World Court to Hear Ukraine’s Charges of Genocide Against Russia Next Week
The International Court of Justice has scheduled public hearings beginning Monday on Ukraine’s claims against Russia under the Genocide Convention, expediting proceedings in light of Moscow’s February invasion of its neighbor.
The world court, an arm of the United Nations, hears disputes between governments. A separate tribunal also based in The Hague, the International Criminal Court, can prosecute individuals for war crimes and this week its prosecutor announced an investigation into potential humanitarian-law violations in Ukraine.
In documents filed with the world court last week, Ukraine said Russia “has falsely claimed that acts of genocide have occurred in the Luhansk and Donetsk oblasts of Ukraine, and on that basis recognized the so-called ‘Donetsk People’s Republic’ and ‘Luhansk People’s Republic’, and then declared and implemented a ‘special military operation’ against Ukraine.”
Ukraine called Russia’s claims “baseless and absurd.” Moscow’s “claimed objective to ‘de-nazify’ Ukraine is a transparent pretext for an unprovoked war of aggression,” Kyiv’s filing says.
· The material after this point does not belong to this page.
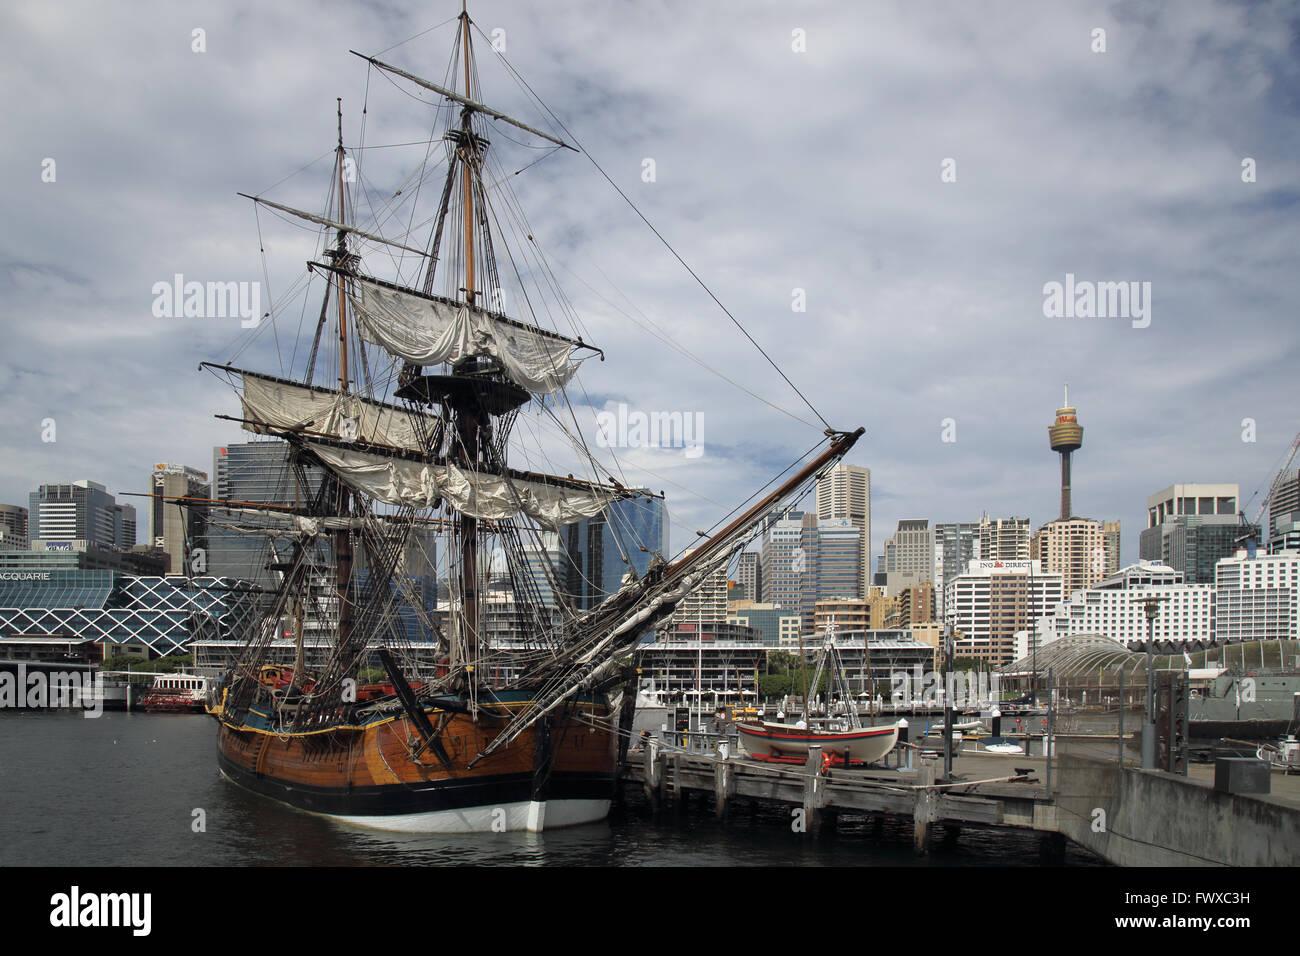 australian national maritime museum in sydney darling harbour australia - Stock Image

Ukraine said it sought ICJ proceedings “to establish that Russia has no lawful basis to take action in and against Ukraine for the purpose of preventing and punishing any purported genocide.” Kyiv also accuses Russia of “planning acts of genocide in Ukraine” and of intentionally killing Ukrainian nationals.
Ukraine also asked the court to “order full reparation for all damage caused by the Russian Federation as a consequence of any actions taken on the basis of Russia’s false claim of genocide.”
Russia hadn’t filed a response on Wednesday.
The 1948 Genocide Convention, drafted after the Holocaust, makes unlawful certain actions intended “to destroy, in whole or in part, a national, ethnical, racial or religious group.” The world court has authority to interpret the treaty, which has more than 150 signatories including Russia, Ukraine and the U.S.
Although member states agree to comply with ICJ rulings, the world court has no independent ability to enforce its decisions. States can ask the U.N. Security Council to take action against noncompliant parties; Russia, as a permanent member of the council, can veto any such proposals.
The U.S. welcomed the world court proceedings.
“The ICJ has a vital role to play in the peaceful settlement of disputes,” State Department spokesman Ned Price said. “Considering the gravity of the crisis in Ukraine that has resulted from Russia’s unprovoked invasion, we trust the court is taking into consideration the dire circumstances and rapidly unfolding events and hope that it will act with utmost urgency on Ukraine’s request for provisional measures.”
The world court has 15 judges; the current president, Joan Donoghue, is an American and former career lawyer at the State Department. Vice President Kirill Gevorgian is a former Russian diplomat.
The hearings, at the world court’s chambers at the Peace Palace in The Hague, will be livestreamed on the ICJ and UN Web TV websites. Ukraine is to make its case on Monday; Russia is scheduled to present its defense on Tuesday.